▶ **Goal of the exercise**:
Once the line holding "Lampe en métal" is found in the entries below, transcribe exactly every line up to and including the one holding "Mesures : 12", but leave out the pictures.

▶ **Data records**:
* * *

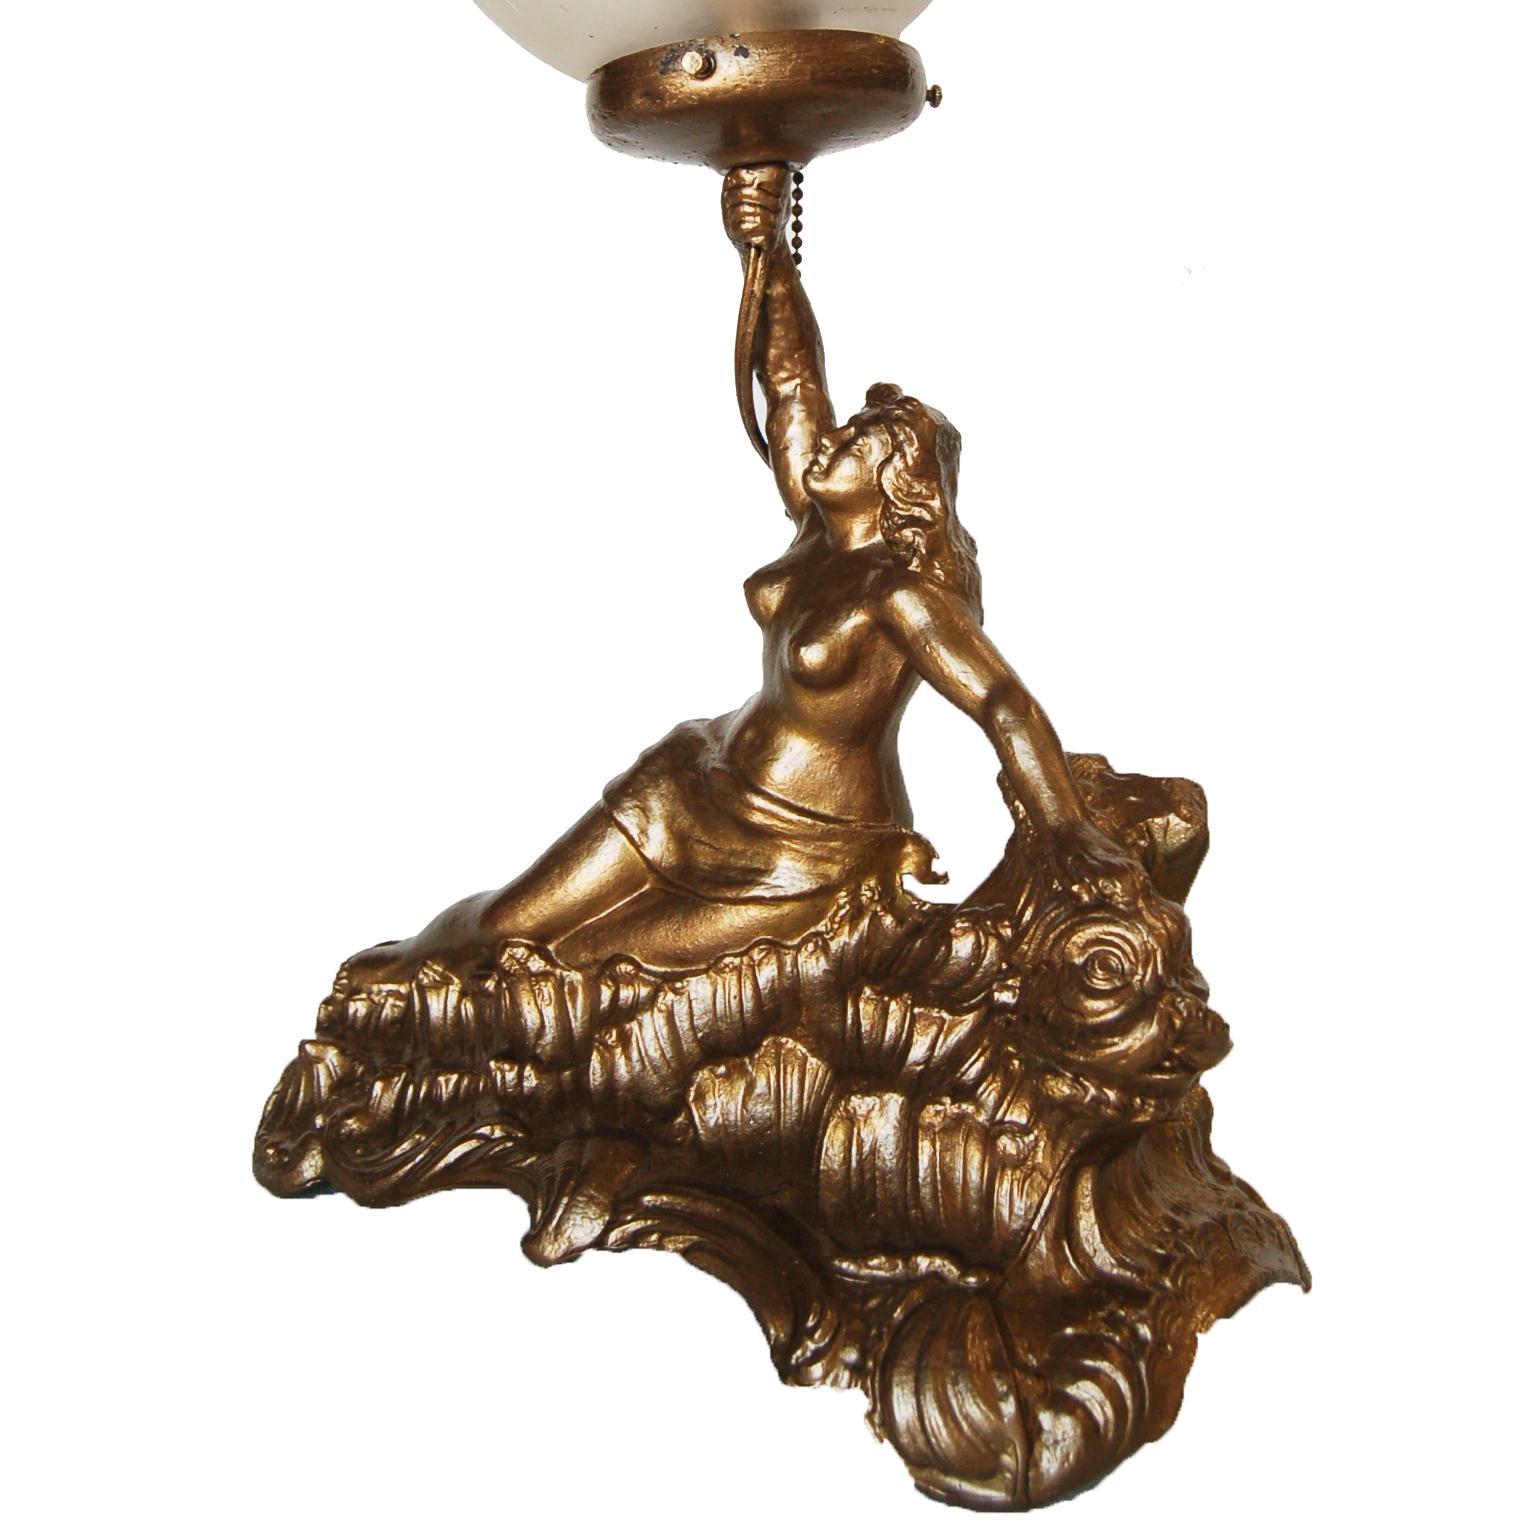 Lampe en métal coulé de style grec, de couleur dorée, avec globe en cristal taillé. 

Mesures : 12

* * *

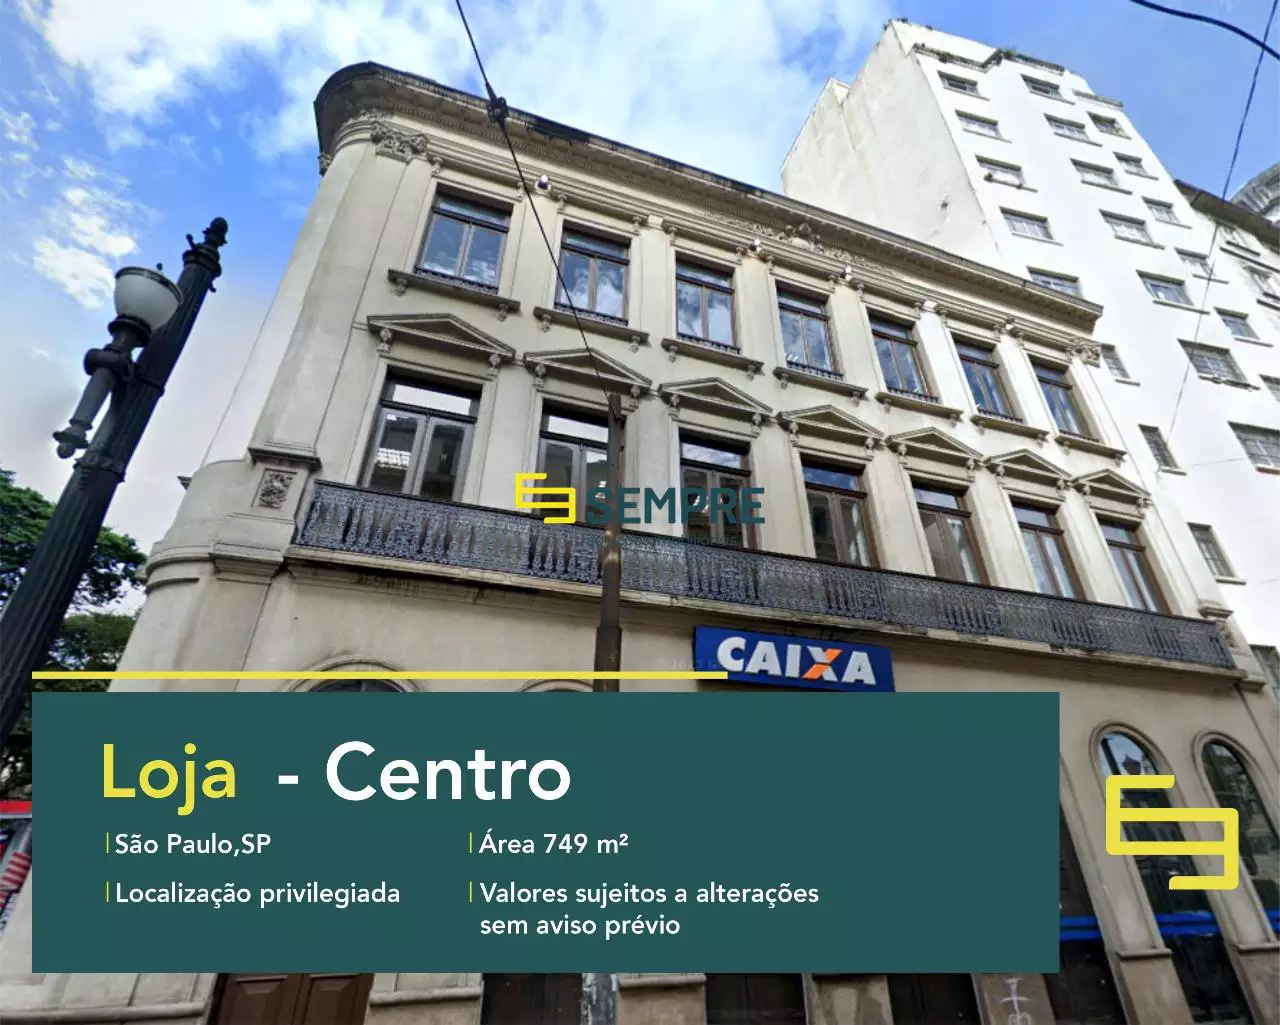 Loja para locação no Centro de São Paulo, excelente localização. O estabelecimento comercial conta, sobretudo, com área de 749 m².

* * *

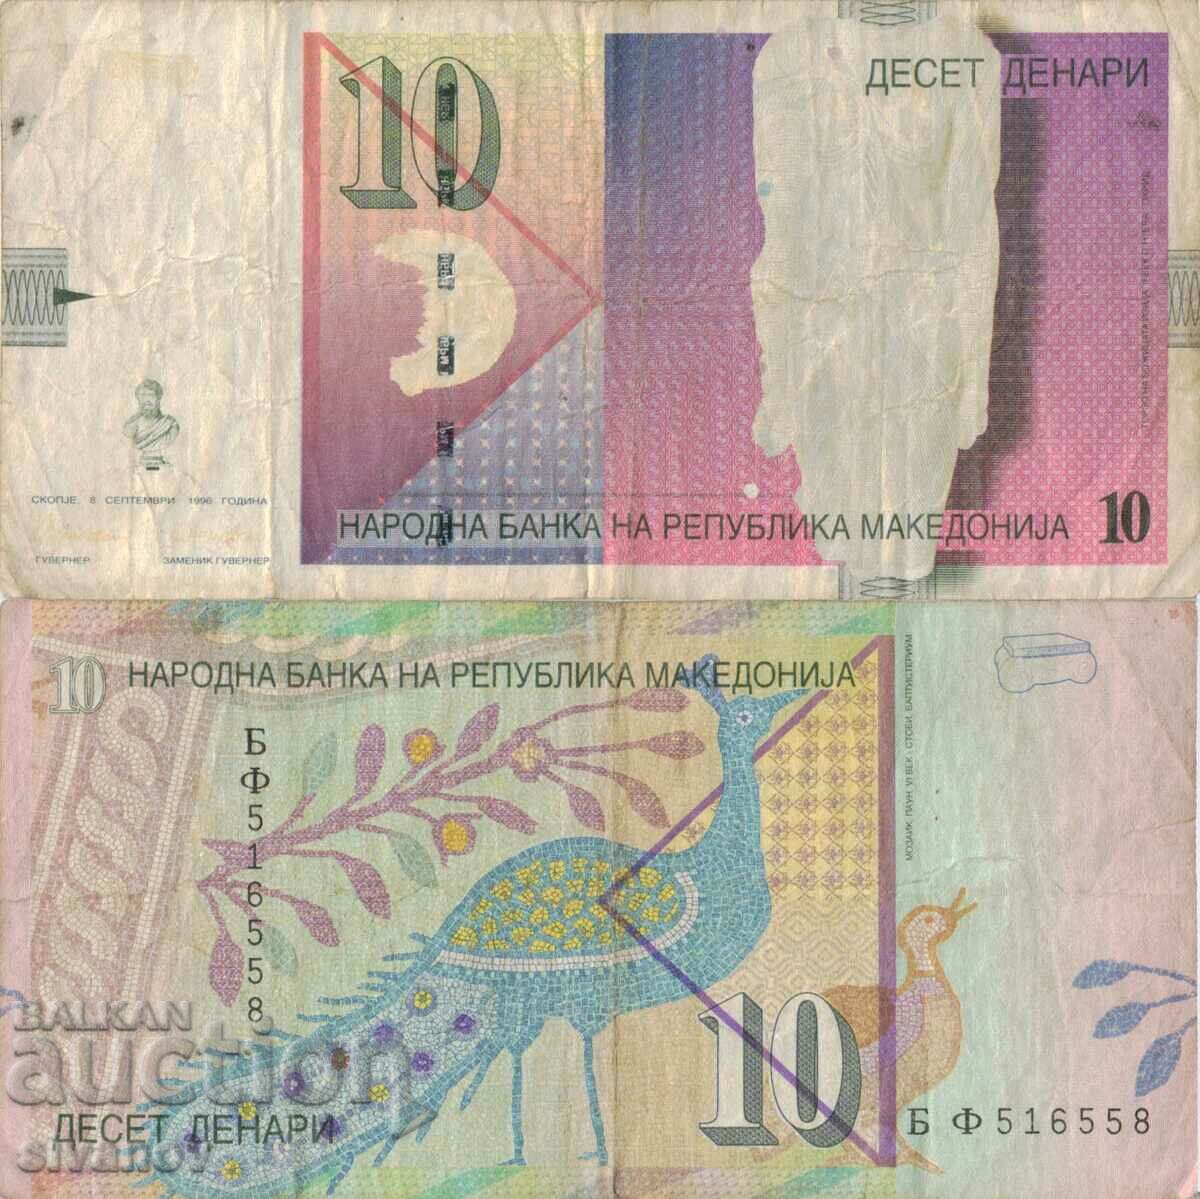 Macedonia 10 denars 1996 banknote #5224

* * *

▶ **Response area**:
 Lampe en métal coulé de style grec, de couleur dorée, avec globe en cristal taillé. 

Mesures : 12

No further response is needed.